理事長の挨拶

理事長(第5期)のあいさつ


本会は「日本マインドフルネス学会」であり,「マインド」を冠する学会です。マインドフルネス(念)とは,パーリ語であれ,英語であれ,原義は「心に留めておくこと」を意味しますが,そもそも,学会としてのマインドがどうあるべきか,どこに向かうべきかという理念についても考え,それに留意する必要があります。ここでは,第3代理事長を拝命した者として,マインドの意味を探るなかで,本会としての心に留めておきたいことについて記すことで,ご挨拶に代えさせていただければ,と存じます。

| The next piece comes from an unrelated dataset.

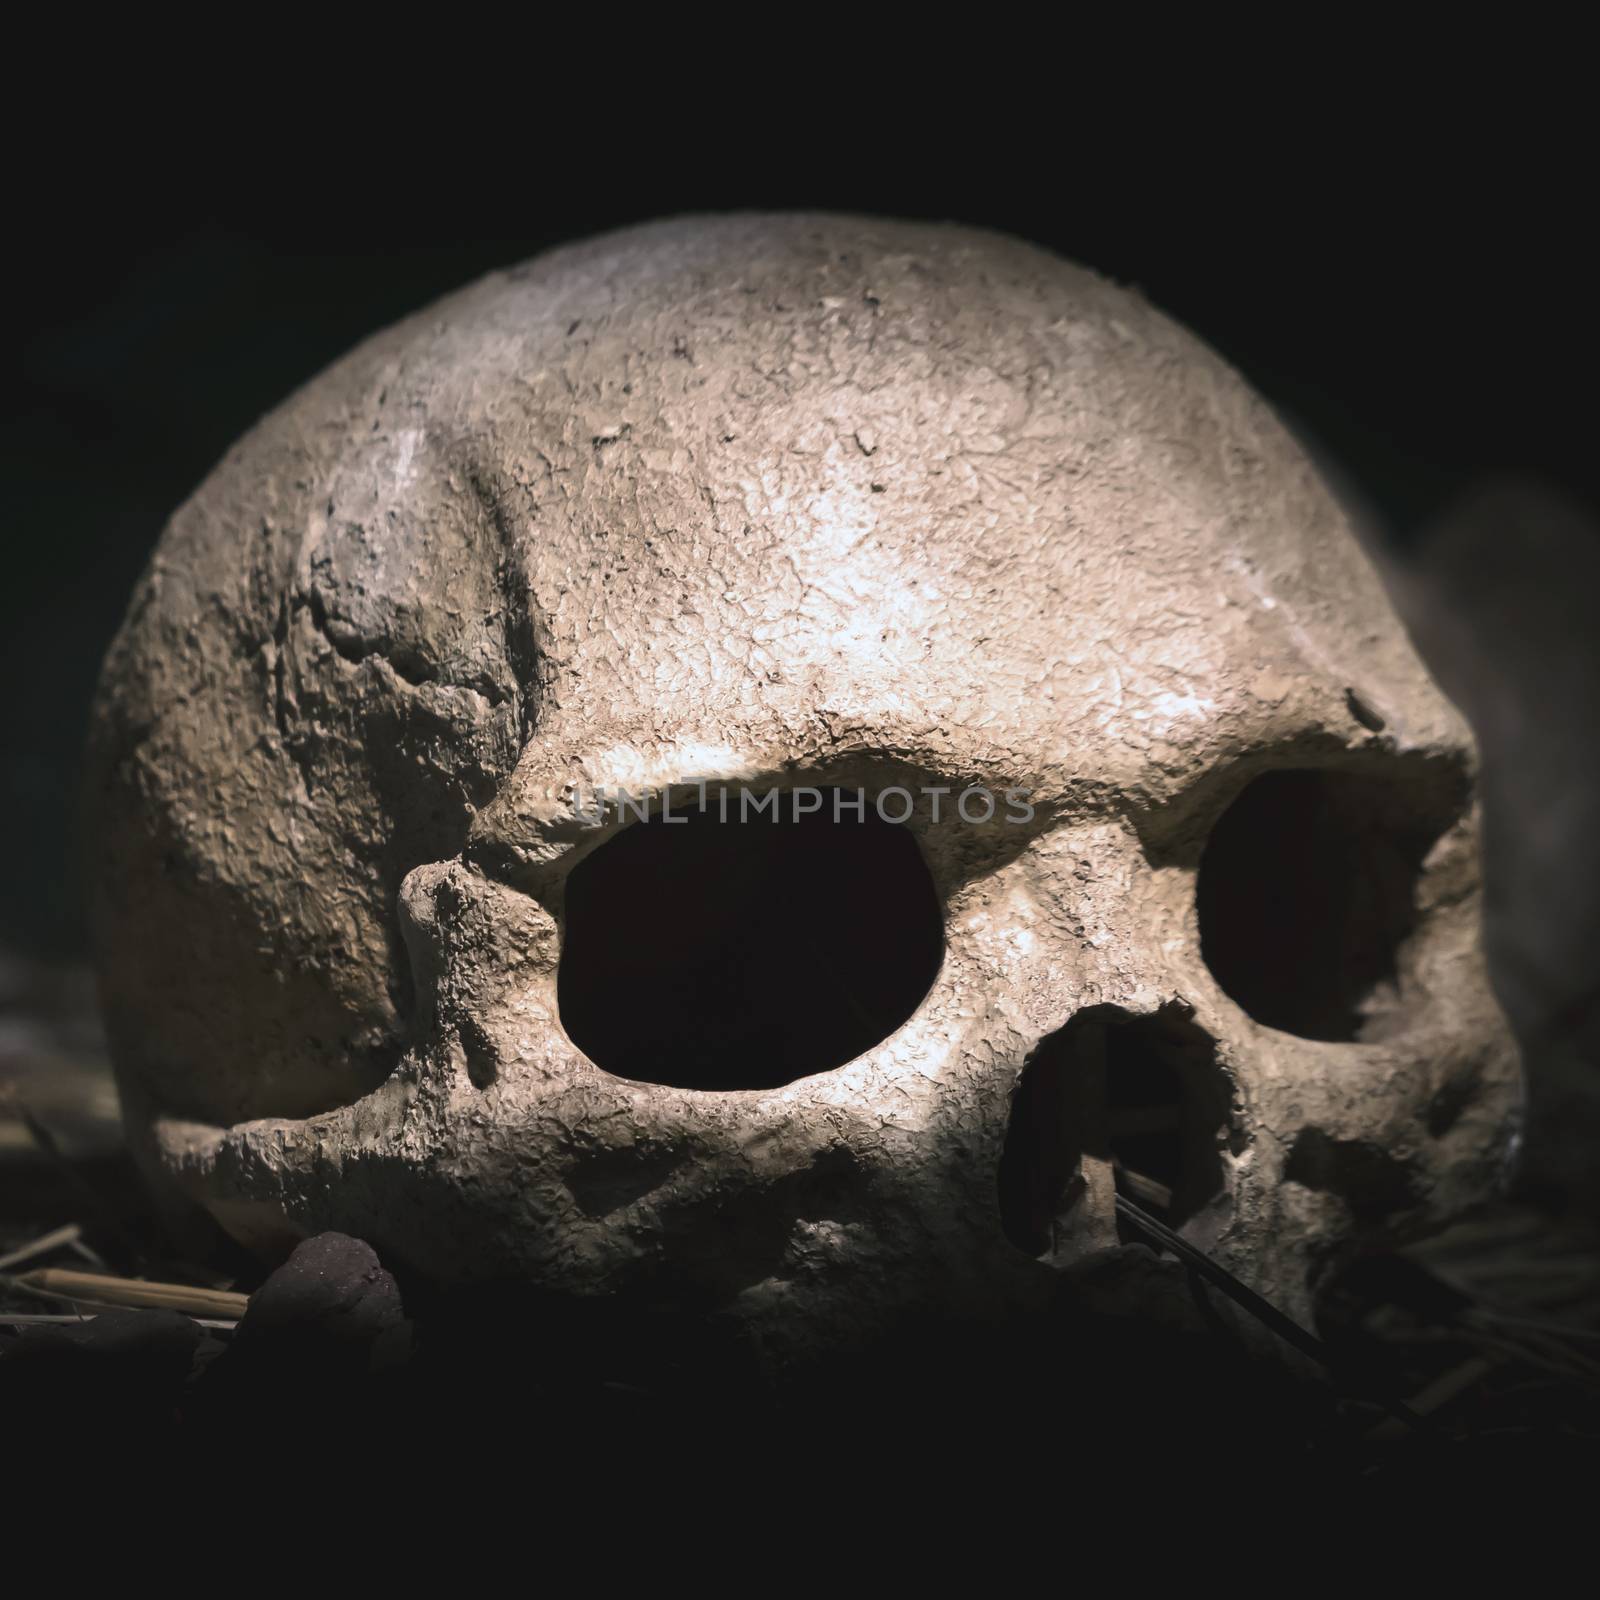 Old skull. Real human skull on dark background. Vintage black background.

まず,英語の”mind”ですが,これは古くは記憶の意味で,そこから思考,意志,知性などを表すようになりました。漢字の「精神」の「精」は霊や魂,そこから転じて心,また「精神」の「神」も,失が意識の喪失を表すように,心を意味します1)。これらは,いずれも目に見えない抽象的な意識の働きを指します。こうした理性や知性に偏ったニュアンスを避けるために,「ハートフルネス」という言葉が使われることもあります2) 3)。これは器官としての心臓の意味ではなく,むしろ,"heartful”(心のこもった温かい気持ち)という含意を使うことで,感情面と他者志向的な要素が付け足されています。そのこと自体はとても重要ですが,まだまだ抽象的な印象は否めません。他方,漢字の「心」は心臓の象形文字で,大和言葉の「こころ」は,「コリコリ(凝り凝り)」など「凝る」と同根語です4)。これらは具体的で実体を伴う働きや身体感覚に由来しています。マインドフルネスを抽象的な意識作用に留めず,身体の実感をベースにした,社会のなかでの具体的なアクションとして捉えてこそ,感情的な豊かさや社会的つながりが目に見える形でいっそう醸成されるのではないでしょうか。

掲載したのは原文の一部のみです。